REQUIRED WORK ▸ For the material below, the expected output is exactly the lines between the line holding "2022 Cargurus Top-Rated Dealer" and the line holding "an elephant with tusks", inclusive, with pictures left out.

MATERIAL FOR THIS TASK ▸

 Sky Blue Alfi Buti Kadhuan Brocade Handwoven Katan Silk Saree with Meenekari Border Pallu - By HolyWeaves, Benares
---
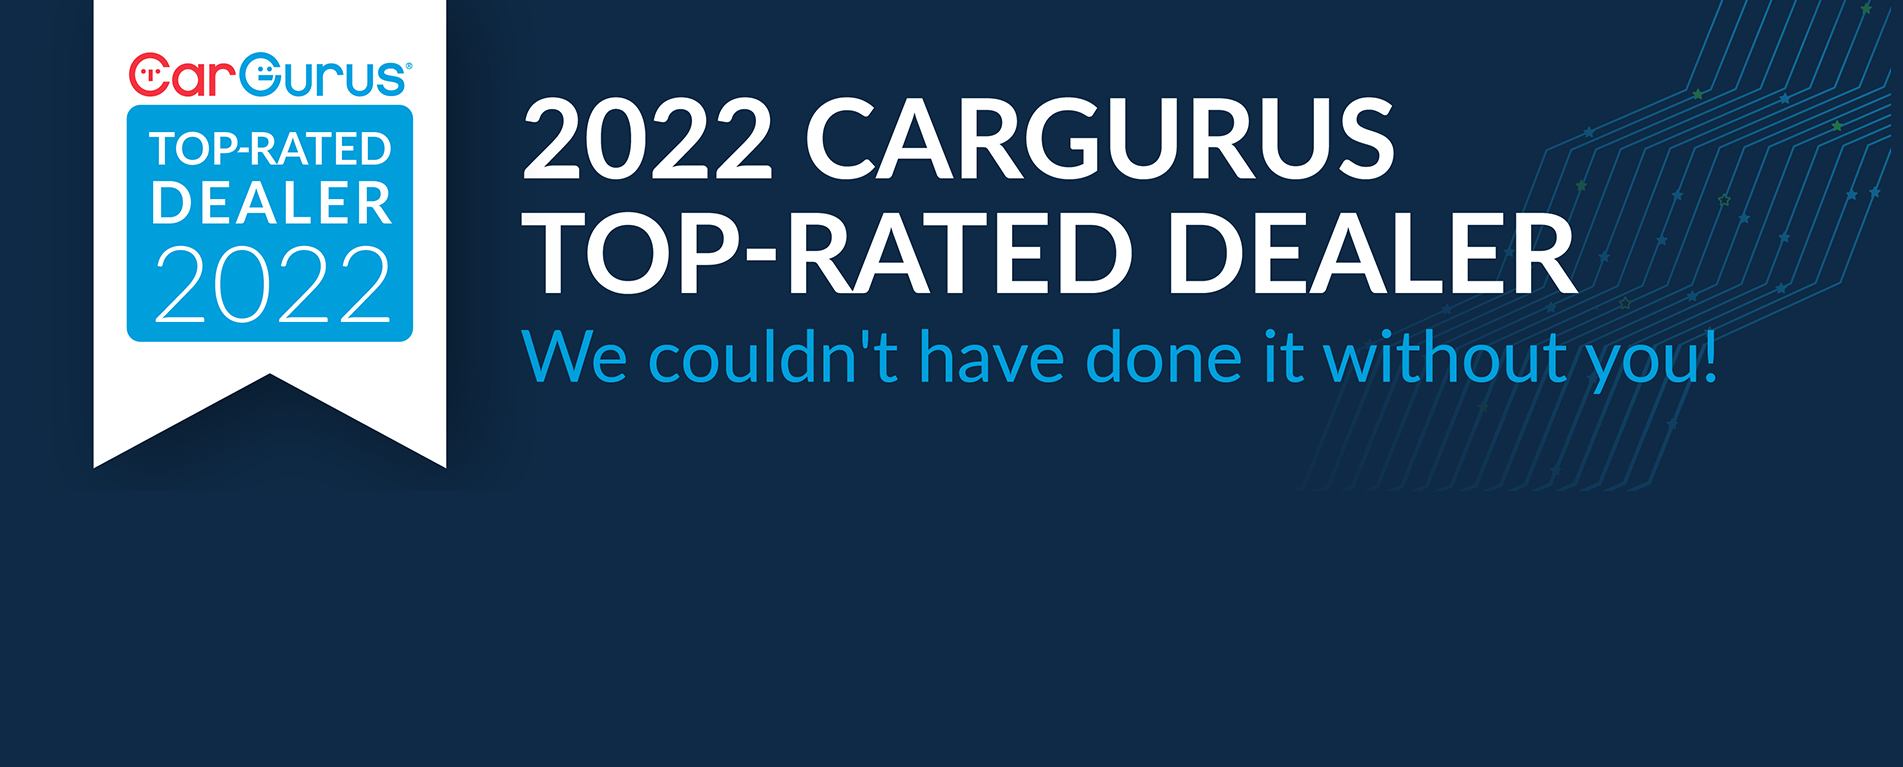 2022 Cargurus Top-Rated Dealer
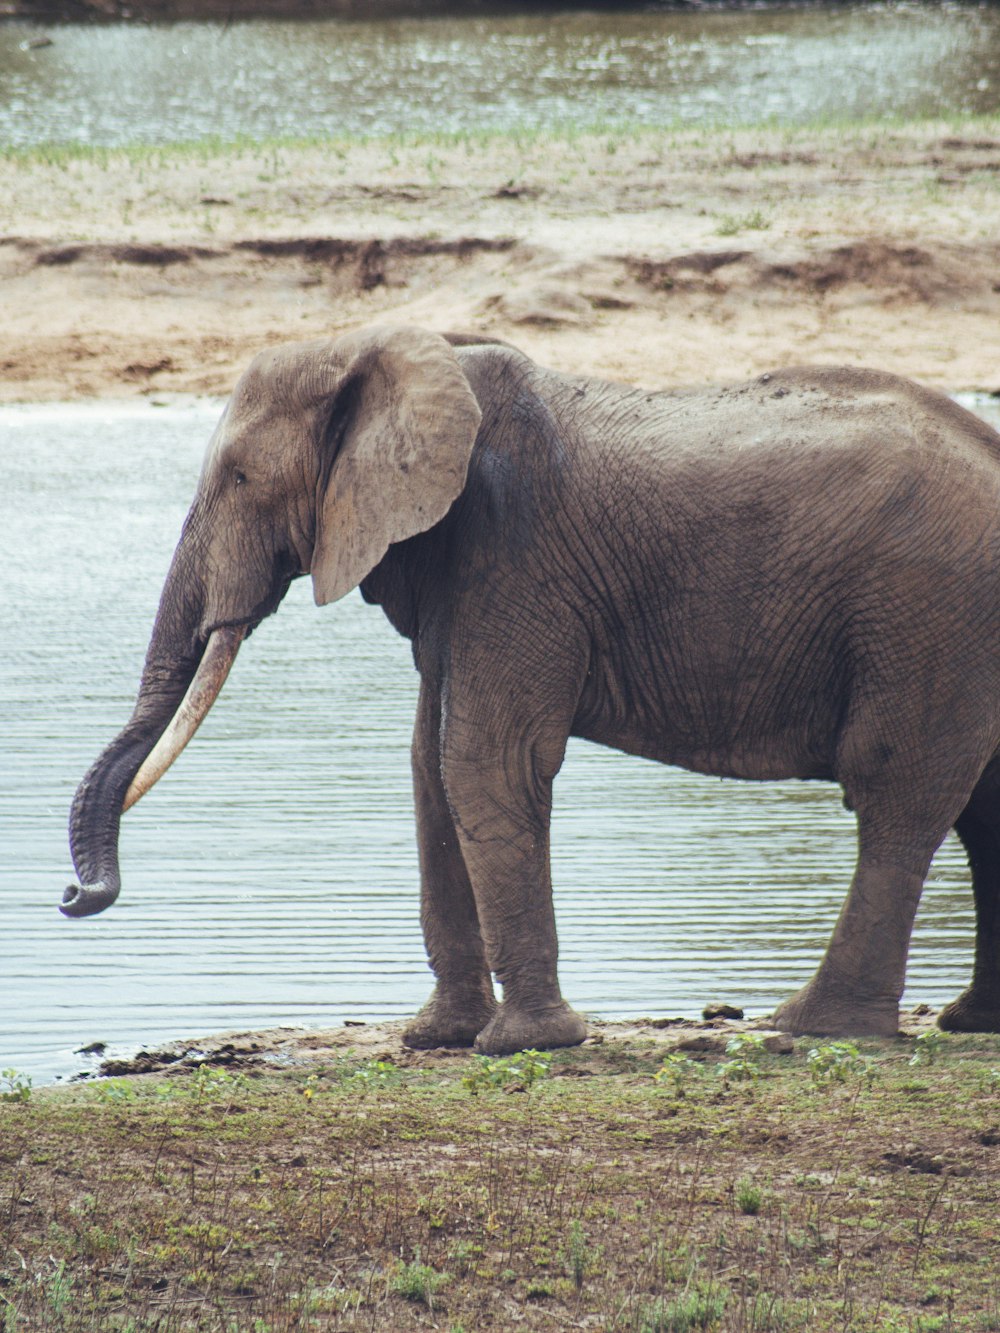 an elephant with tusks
* * *
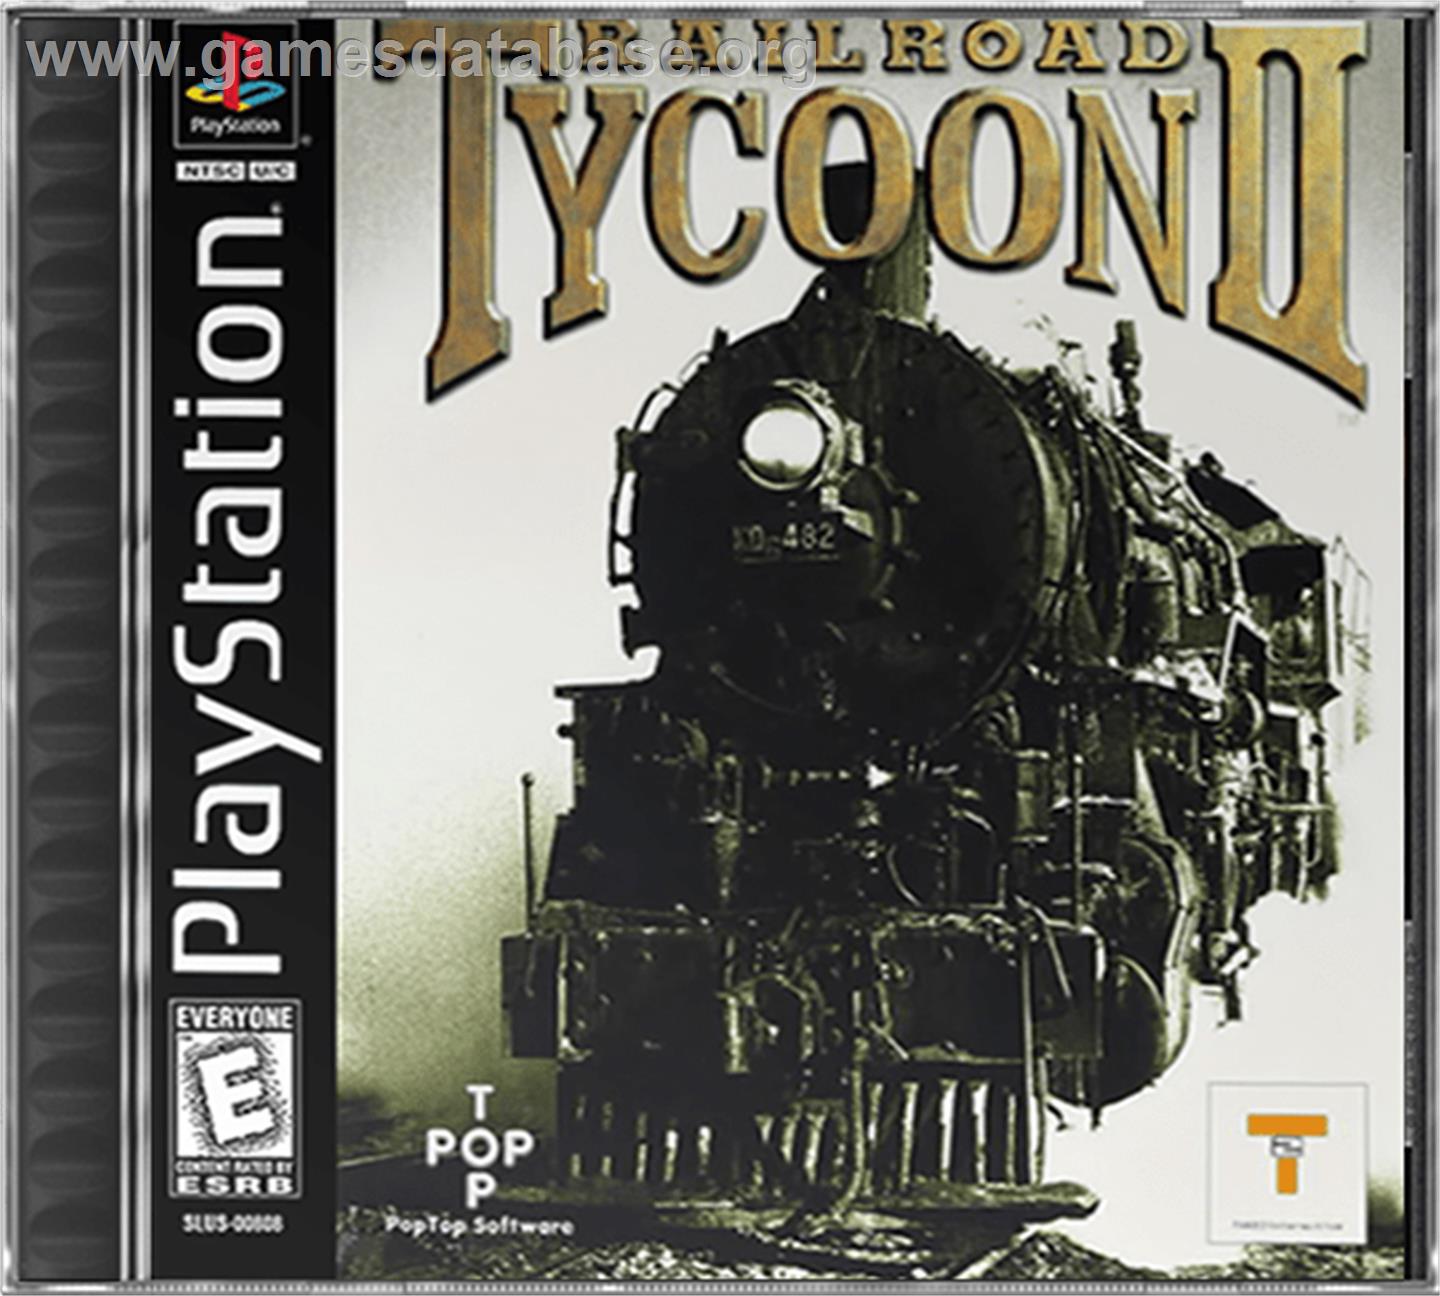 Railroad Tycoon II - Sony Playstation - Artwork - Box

SOLUTION FOR THIS TASK ▸
 2022 Cargurus Top-Rated Dealer
 an elephant with tusks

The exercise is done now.